A quarter of the world’s population is infected by Mycobacterium tuberculosis (M. tb), the causative agent of tuberculosis (TB), but only 5 to 10% develop an active form of the disease. It is therefore important to better understand how M. tb infection impacts the host immune response at the different stages of infection, from asymptomatic latent infection to active TB disease.
To do so, the team of Darragh Duffy, in collaboration with a team in Cape Town University (South Africa) stimulated whole blood from active TB patients and latently infected (LTBI) controls with M. tb antigen, BCG and IL-1β and compared their immune responses at the proteomic, transcriptomic and metabolomic levels.

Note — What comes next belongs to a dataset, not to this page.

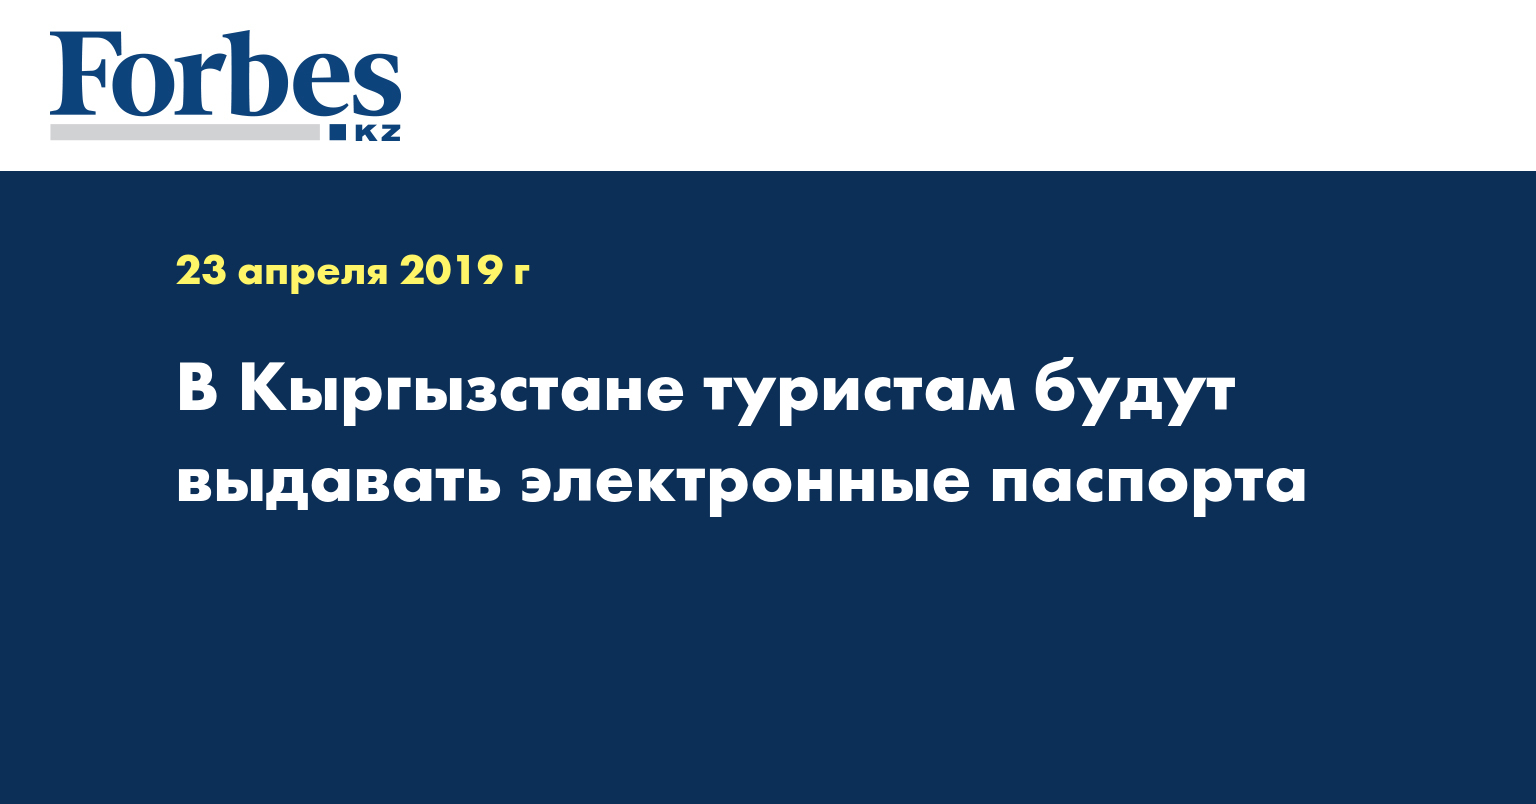 В Кыргызстане туристам будут выдавать электронные паспорта
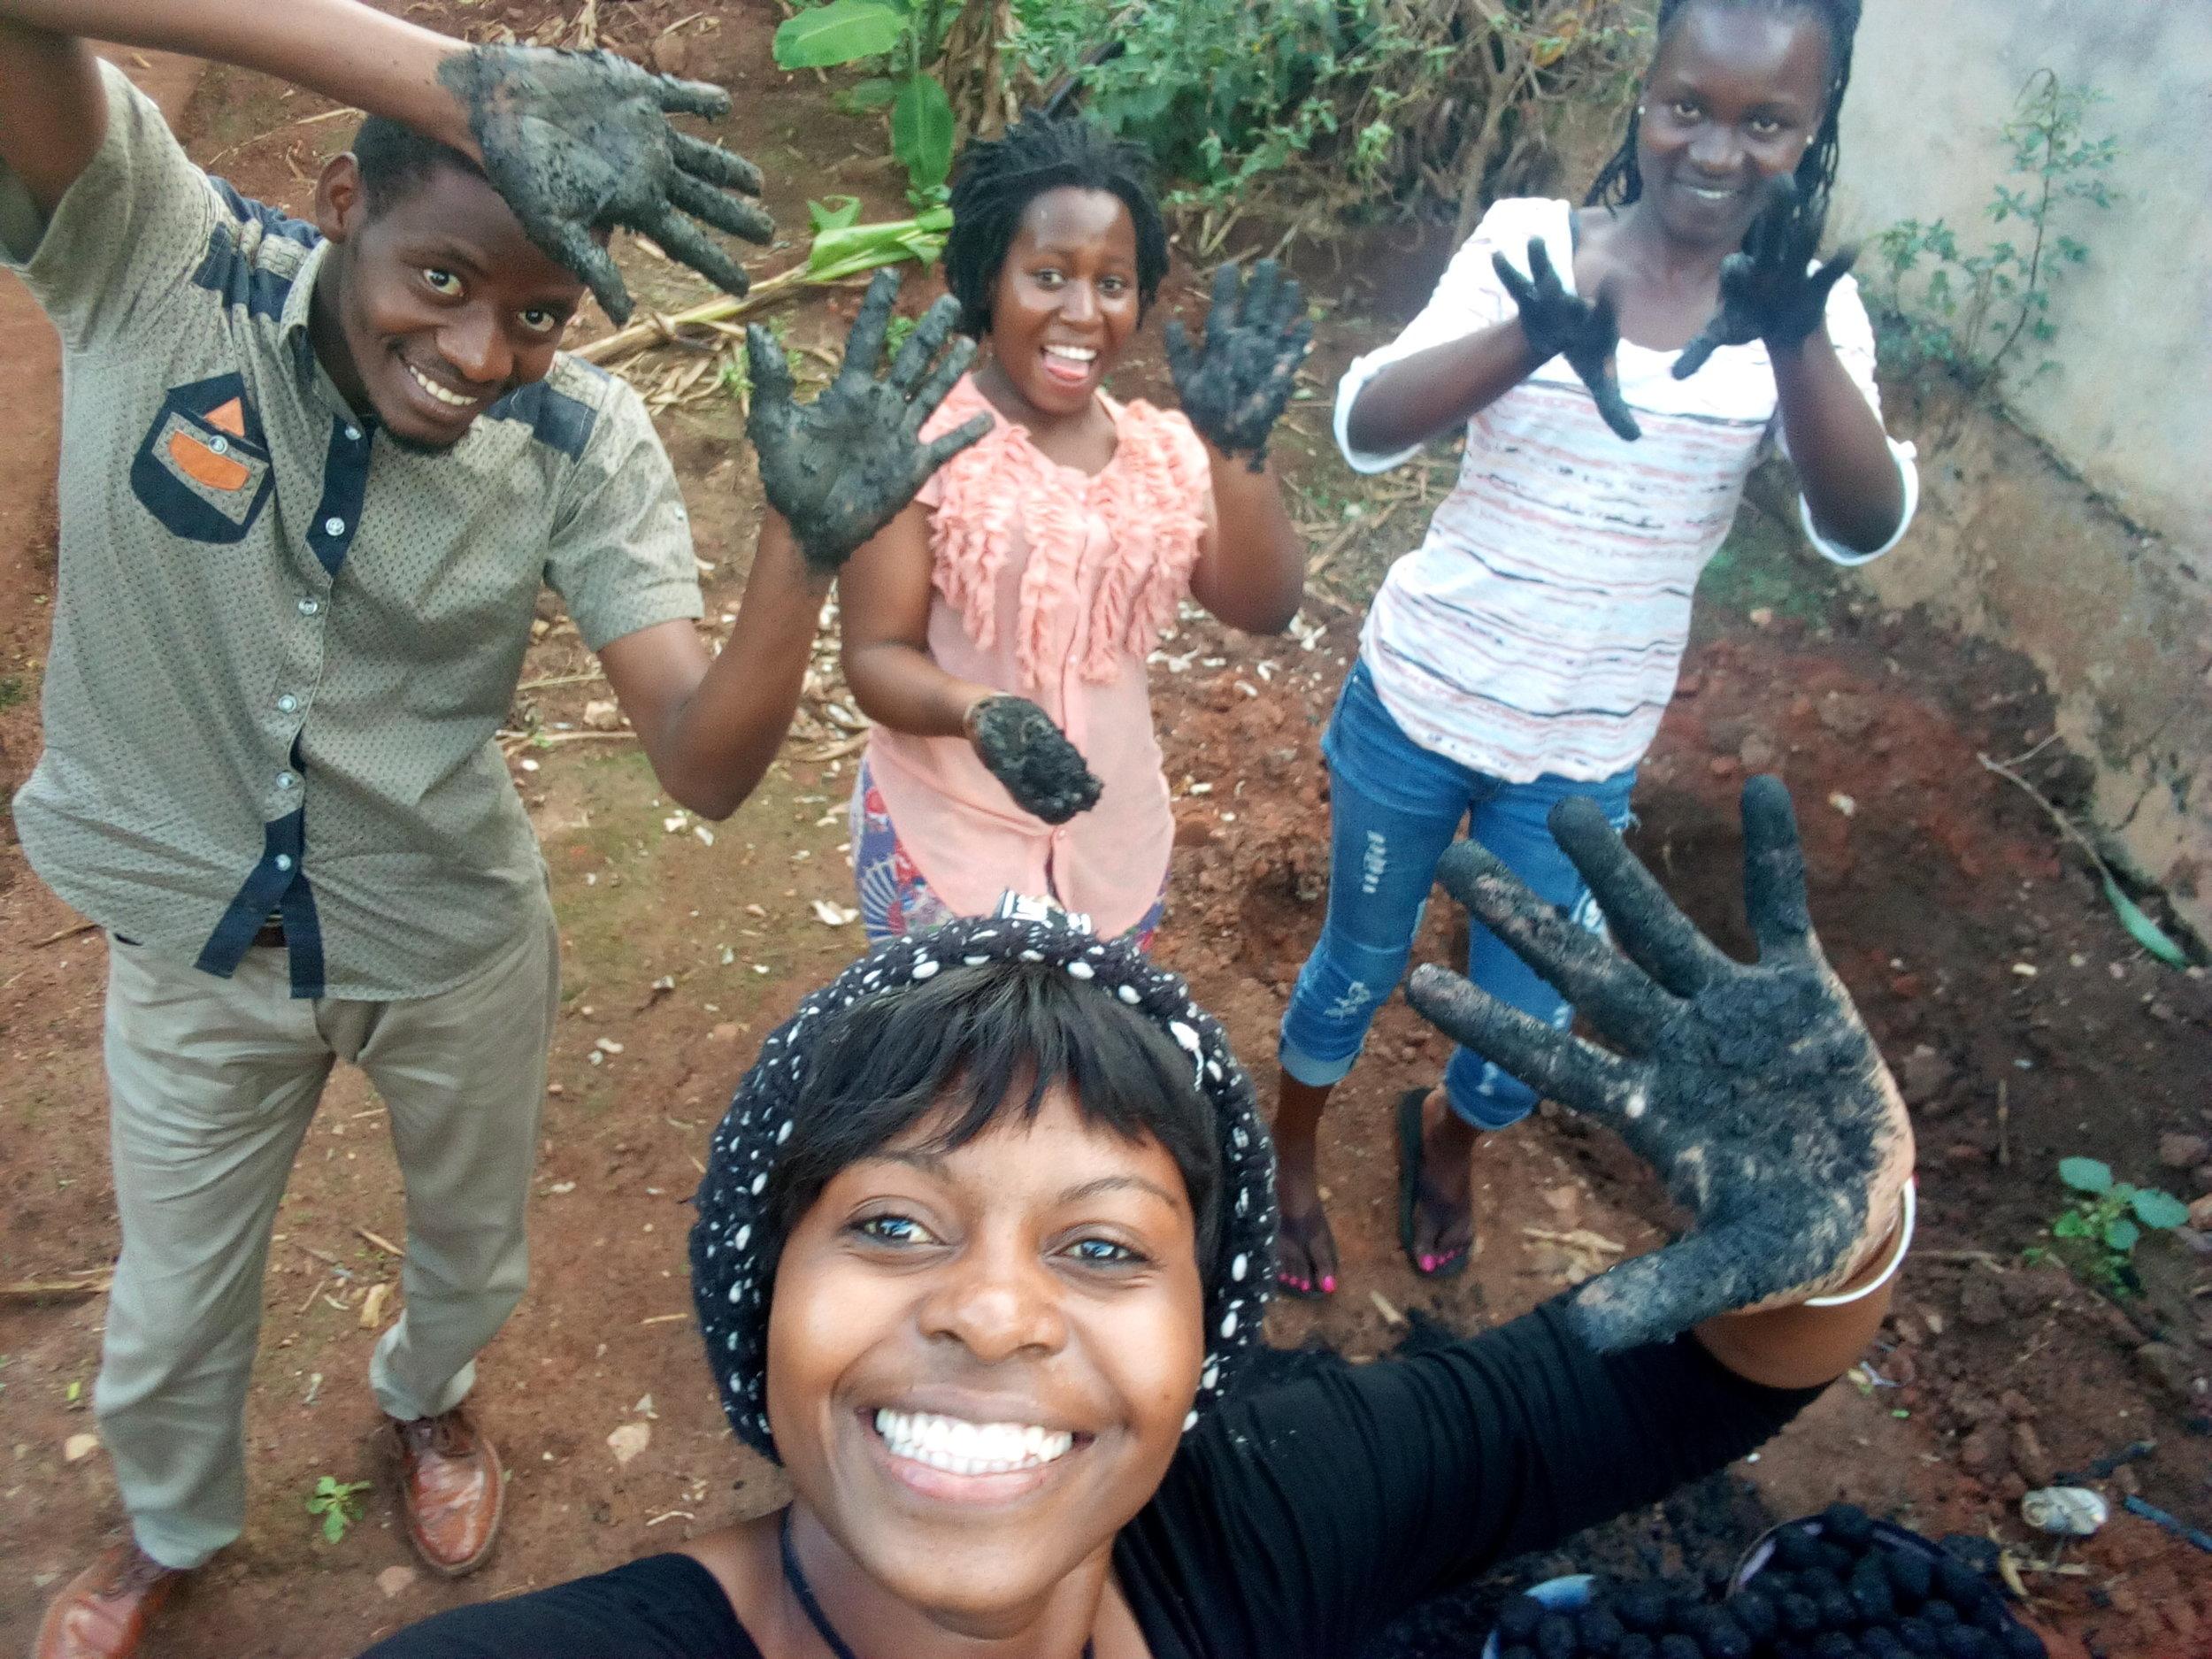 Millennium Fellows '18 at Makerere University, Uganda

Several genes were differentially expressed between both populations including those proposed for new diagnosis tools, with this immune stimulation strategy improving the stratification based on these existing 3- or 11-gene signatures.
A series of experiments highlighted the IL-1 family cytokines as particularly dysregulated in TB patients. The antagonist IL-1ra is elevated in TB patients, which is associated with the activation of the PPRAγ pathway through pregnane steroids. The PPARγ pathway is therefore an interesting new target to limit cytokine production and M. tb replication. BGG stimulation induces a lower secretion of IL-1α and IL-1β cytokines in active TB patients compared to LTBI patients. Finally, IL-1β stimulation leads to perturbed IL-1β signaling for active TB patients, which is restored after antibiotic treatment.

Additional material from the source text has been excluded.